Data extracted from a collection
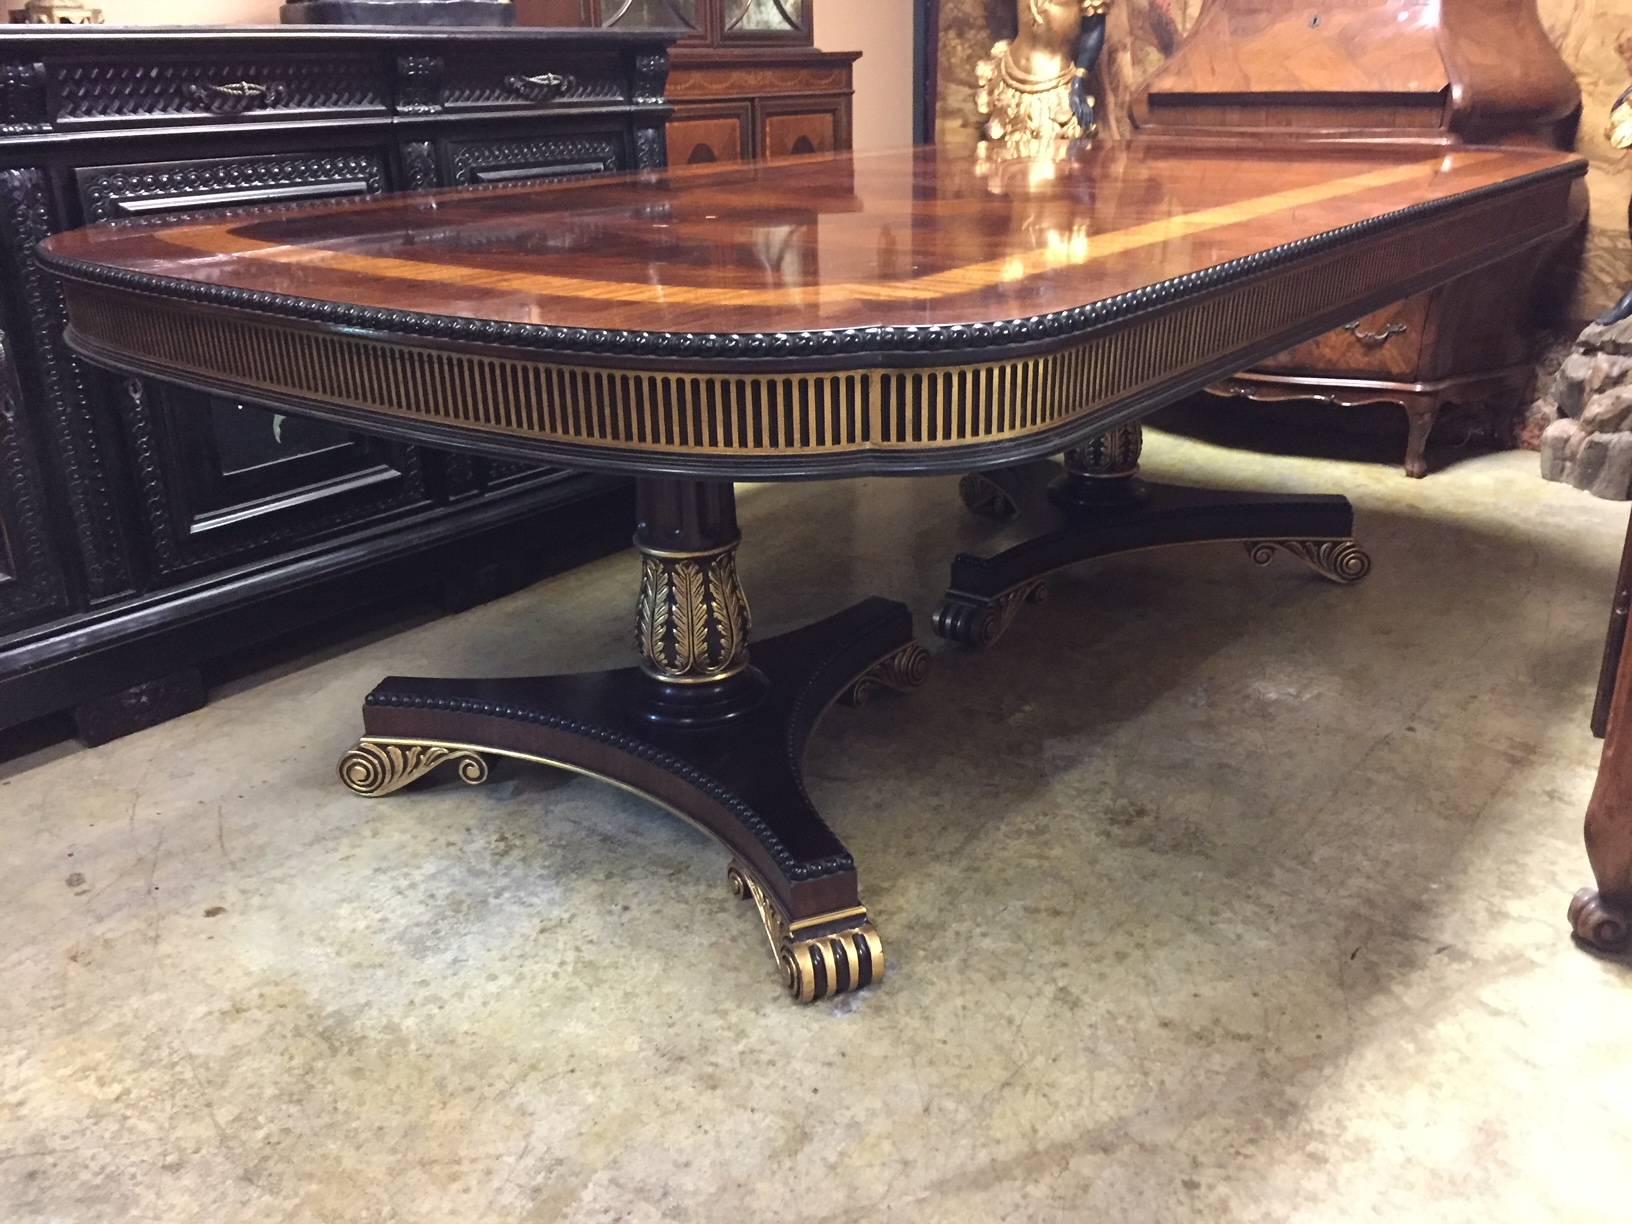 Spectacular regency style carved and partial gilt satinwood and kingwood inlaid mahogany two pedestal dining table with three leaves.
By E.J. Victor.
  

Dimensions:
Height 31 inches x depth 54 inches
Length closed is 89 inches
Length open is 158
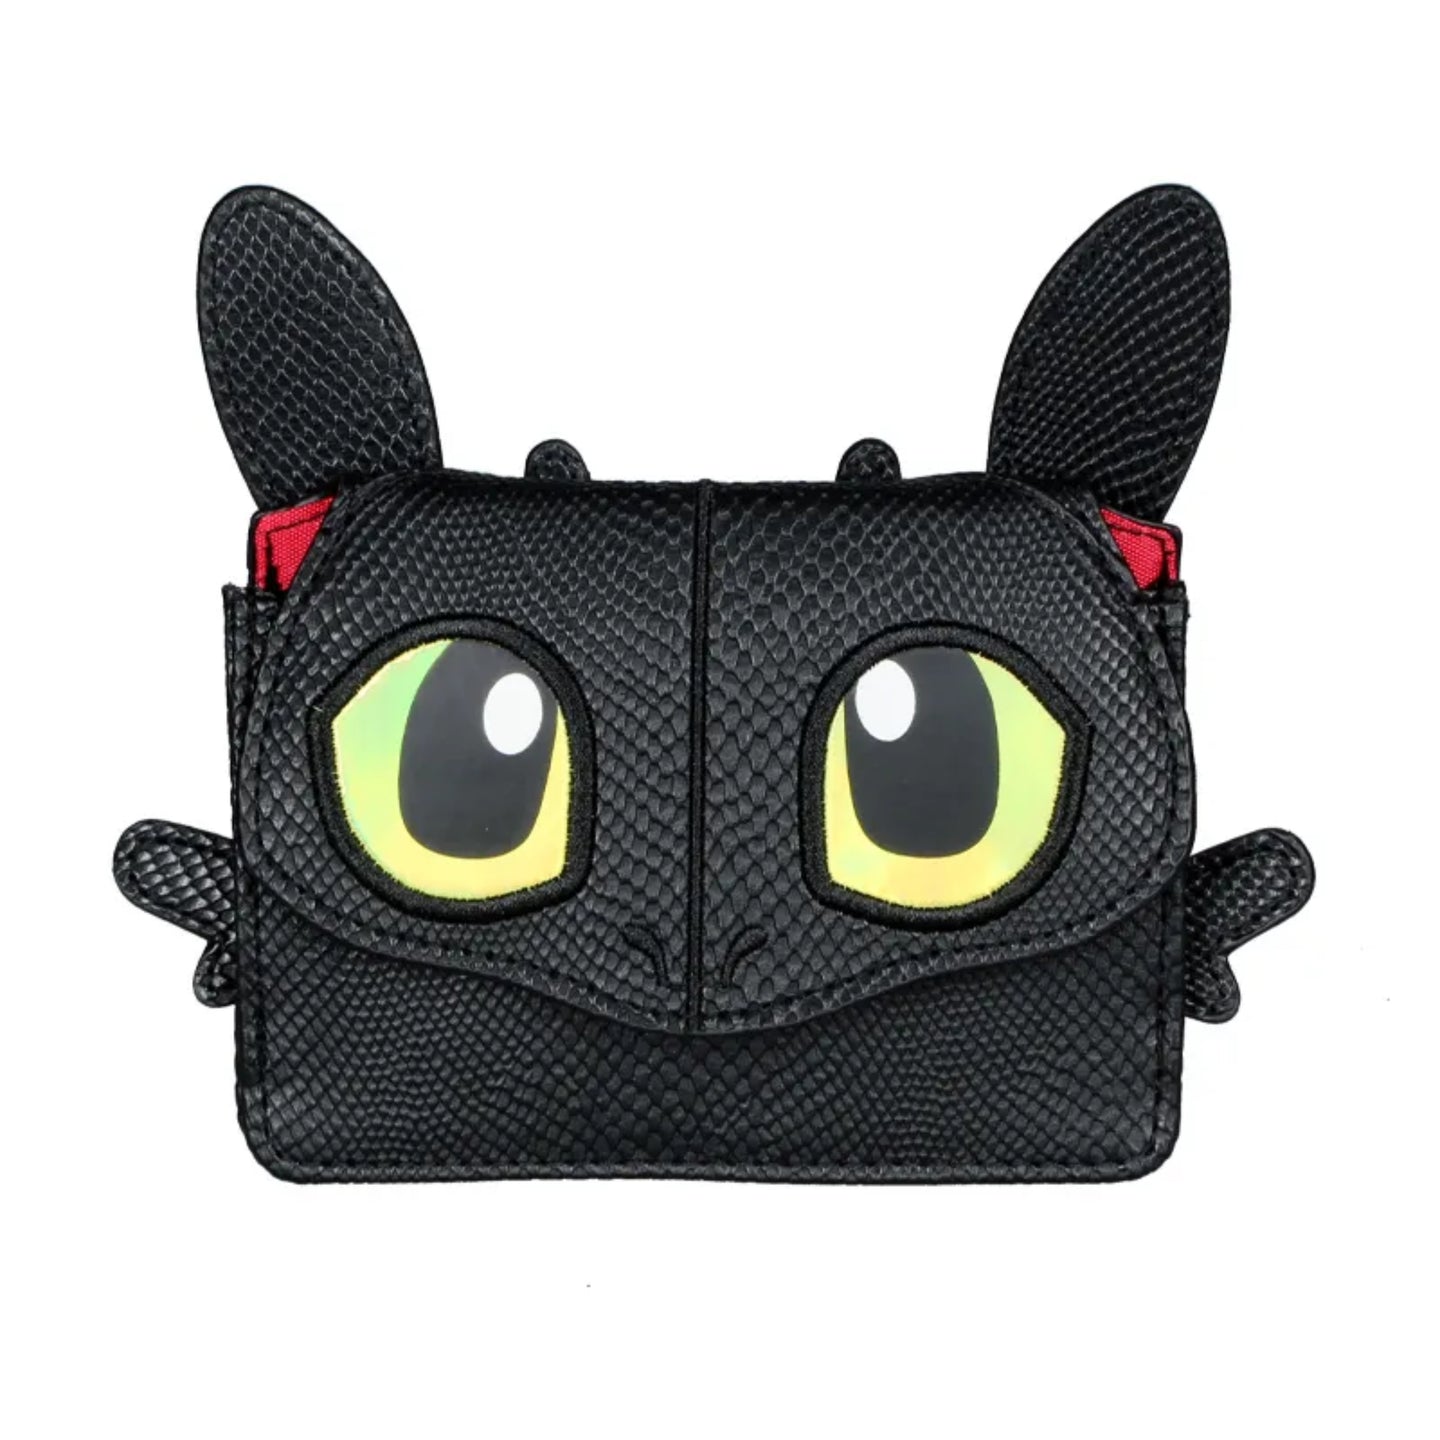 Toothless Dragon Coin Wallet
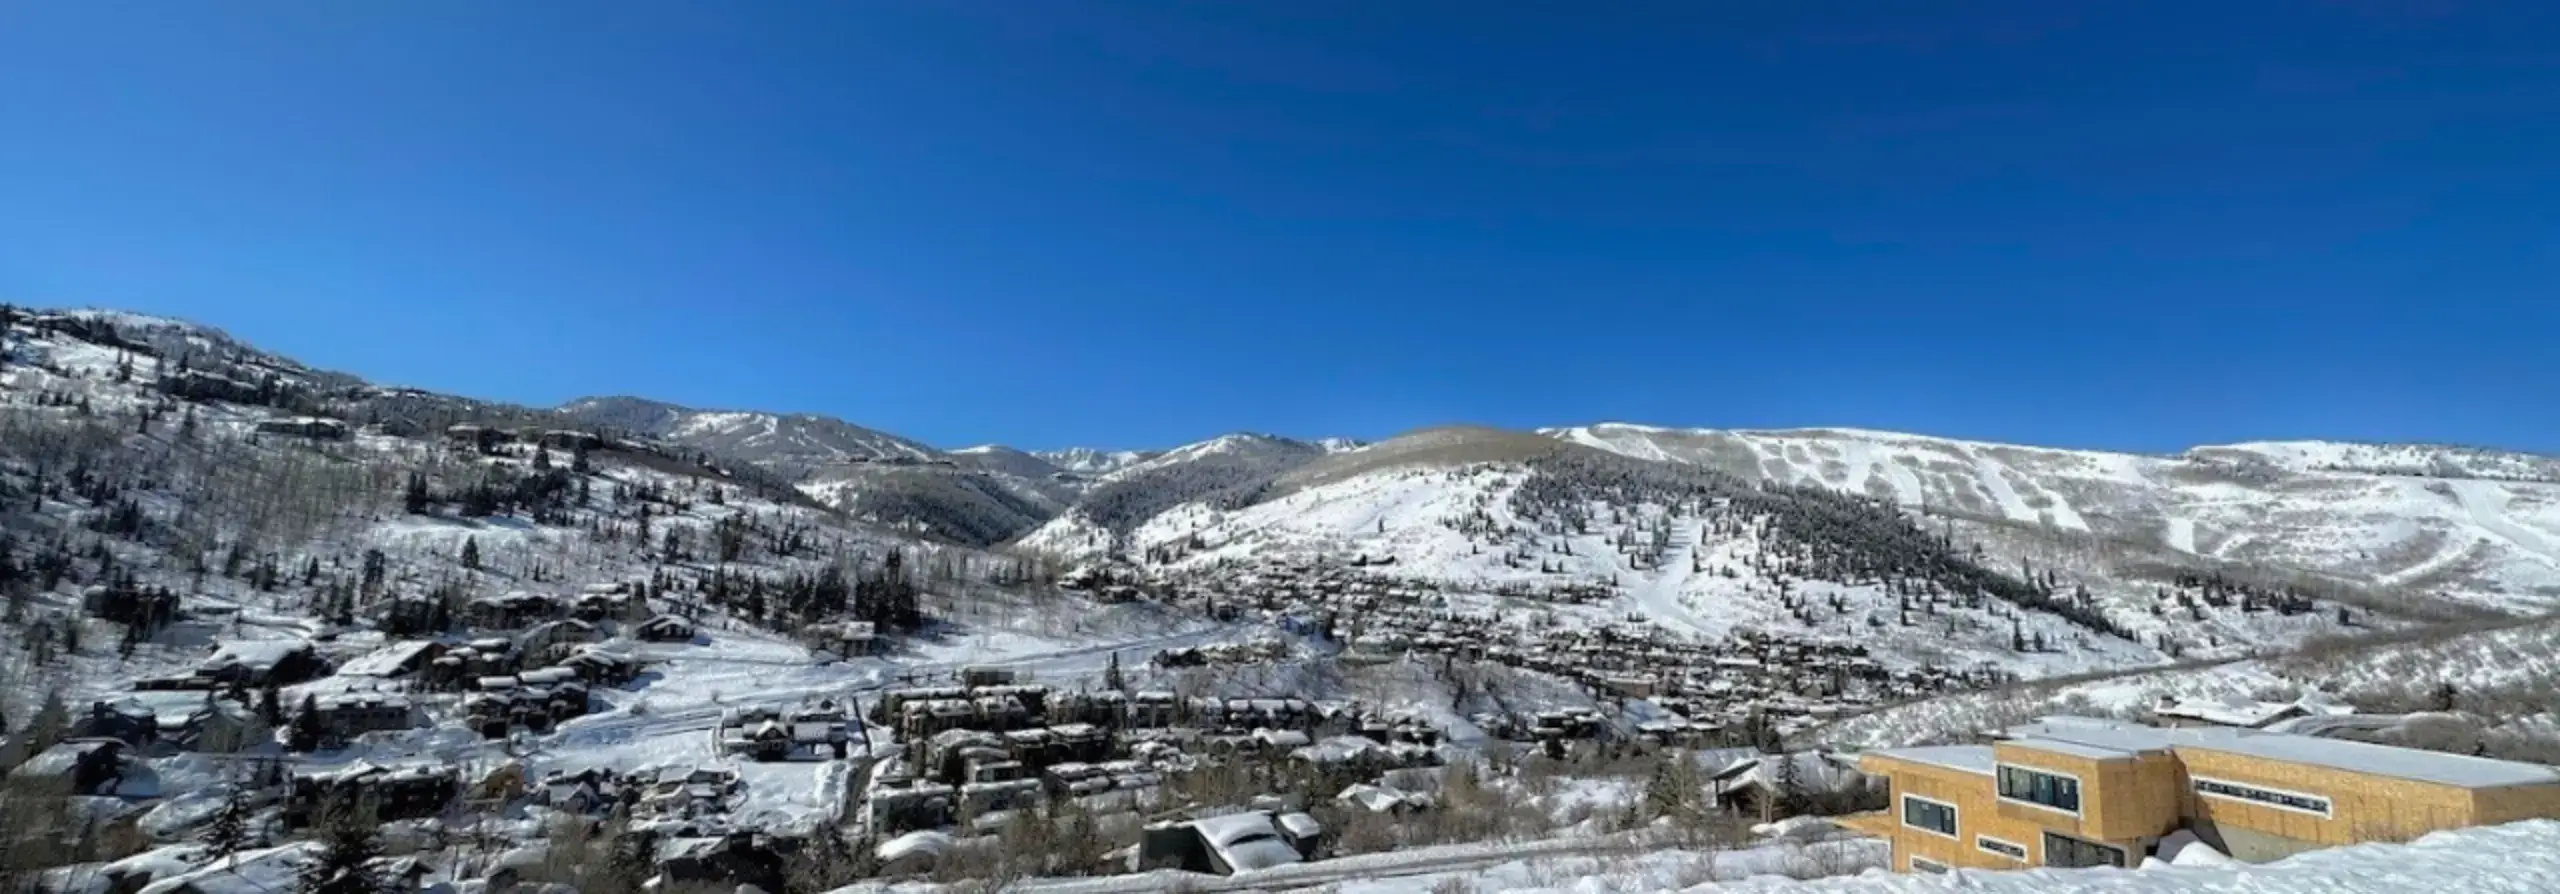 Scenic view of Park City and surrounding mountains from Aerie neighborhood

**PROBLEM REQUIREMENTS**. Please write the data out again exactly, but do not carry over the pictures.

**ANSWER TO THE PROBLEM**.
 Spectacular regency style carved and partial gilt satinwood and kingwood inlaid mahogany two pedestal dining table with three leaves.
By E.J. Victor.
  

Dimensions:
Height 31 inches x depth 54 inches
Length closed is 89 inches
Length open is 158
 Toothless Dragon Coin Wallet
 Scenic view of Park City and surrounding mountains from Aerie neighborhood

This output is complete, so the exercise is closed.